In 2005, the Director-General said that the United Nations would mark both the sixtieth anniversary of the signing of the Charter and the first five years since the adoption of the Millennium Declaration, which would provide welcome opportunities to highlight the continued importance of respect for human rights. With these stamps, the UN had made a head start in this regard.

The High Commissioner for Human Rights thanked the United Nations Postal Administration and the artist on behalf of the entire UN human rights programme for creating such compelling, inspiring and exciting artwork. In that connection, she invoked Article 27 of the Universal Declaration of Human Rights, which explicitly guaranteed the exercise of the right “to enjoy the arts”. The United Nations had over the years faced much difficulty in defining human rights in a visual sense but Mr. Gevorgian had managed to express on canvas some of the most fundamental human rights, as well as the human wrongs that blight them, said Mr. Arbour.

“In the past ten years of the UN Decade for Human Rights Education, we have seen many creative efforts to bring the language of human rights to the public at large. These postage stamps, adorned with human rights images, will certainly prove to be among the most effective, as they find their way across the globe to homes, schools and places of work”, Mrs. Arbour added.
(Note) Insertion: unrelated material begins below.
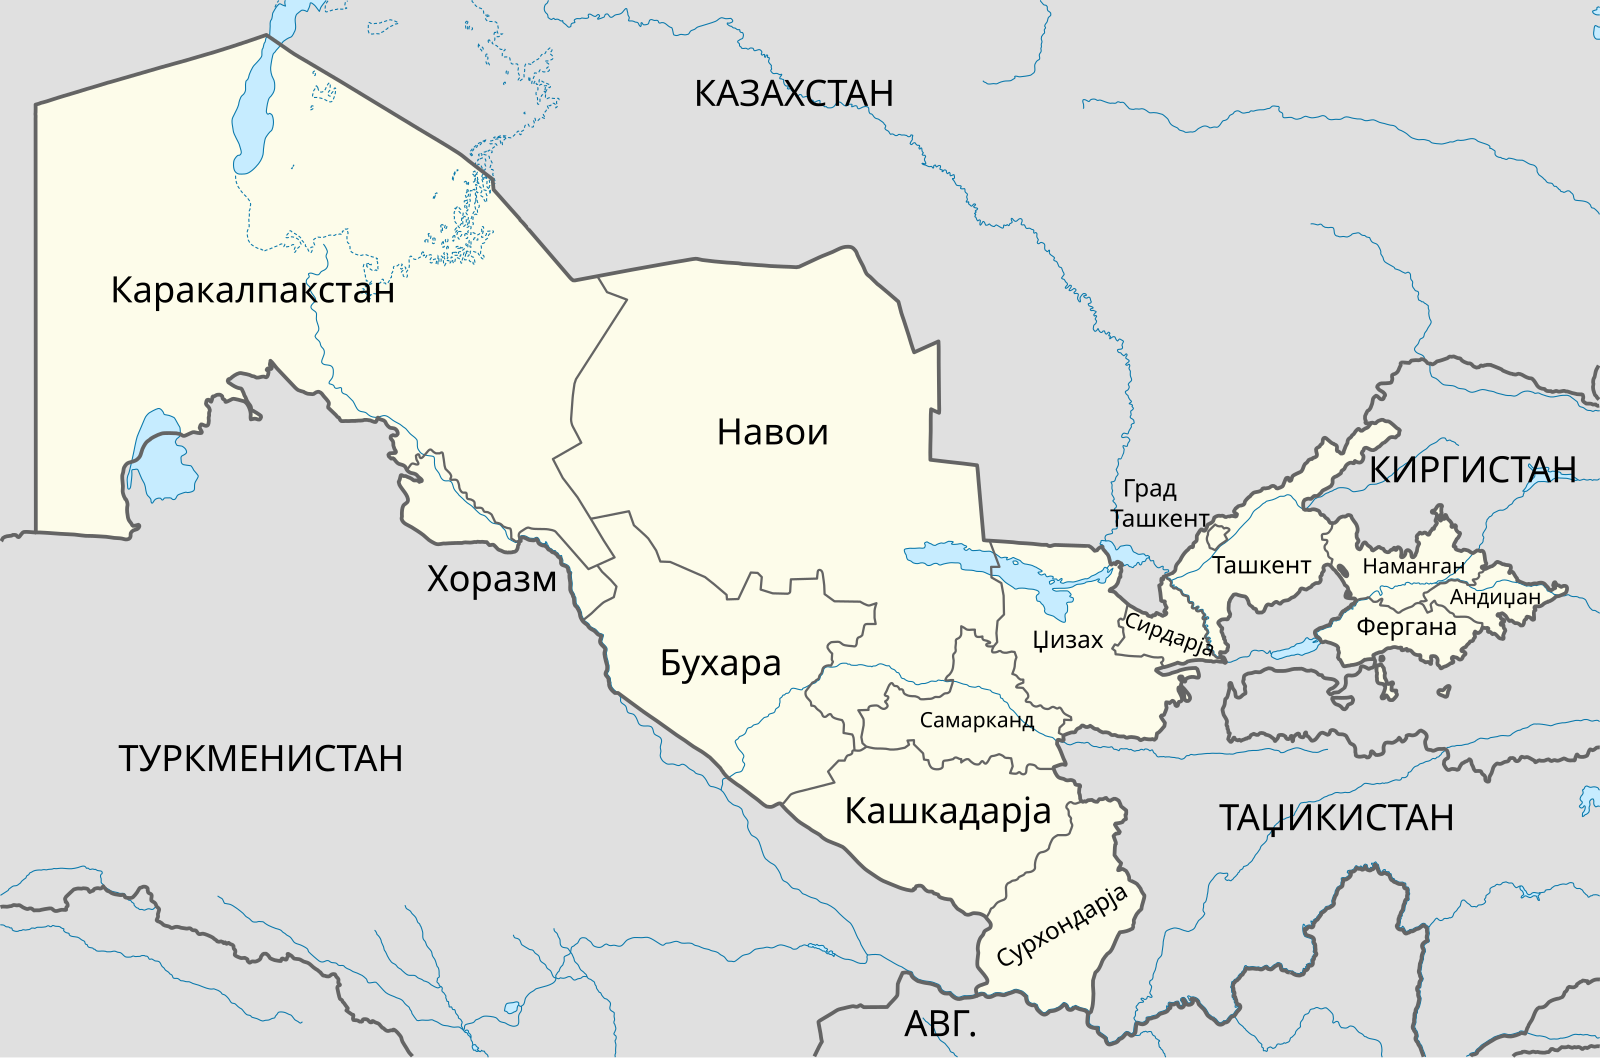 Карта Хорезмской области Узбекистана. Карта Узбекистана на русском языке с городами подробная. Карта Узбекистана с городами на русском языке.

On 10 December, International Human Rights Day, the General Assembly would devote a plenary session to human rights education to mark the end of the Decade and to consider the recommendation to proclaim a World Programme for Human Rights Education, continued Mrs. Arbour. The first three years of this Programme, from 2005 to 2007, would focus on human rights education within the primary and secondary school systems. The High Commissioner stressed the difficulty of not only integrating human rights issues into the curriculum, but also changes in the educational process and teaching methods and, most importantly, in the environment within which education takes place.

“Yet, it is an incredibly important task to ensure that each new generation is fully aware that as human beings they are born with a set of inalienable rights, among them, the right to health, to education, to food, to housing, to marry and found a family, to participate in public life, to be free from torture, arbitrary arrest and detention -- in short, all the rights one needs to enjoy freedom from fear, freedom from want”, concluded the High Commissioner.

At the ceremony, the Director-General and the High Commissioner as well as their guests were presented with commemorative sets of the stamps.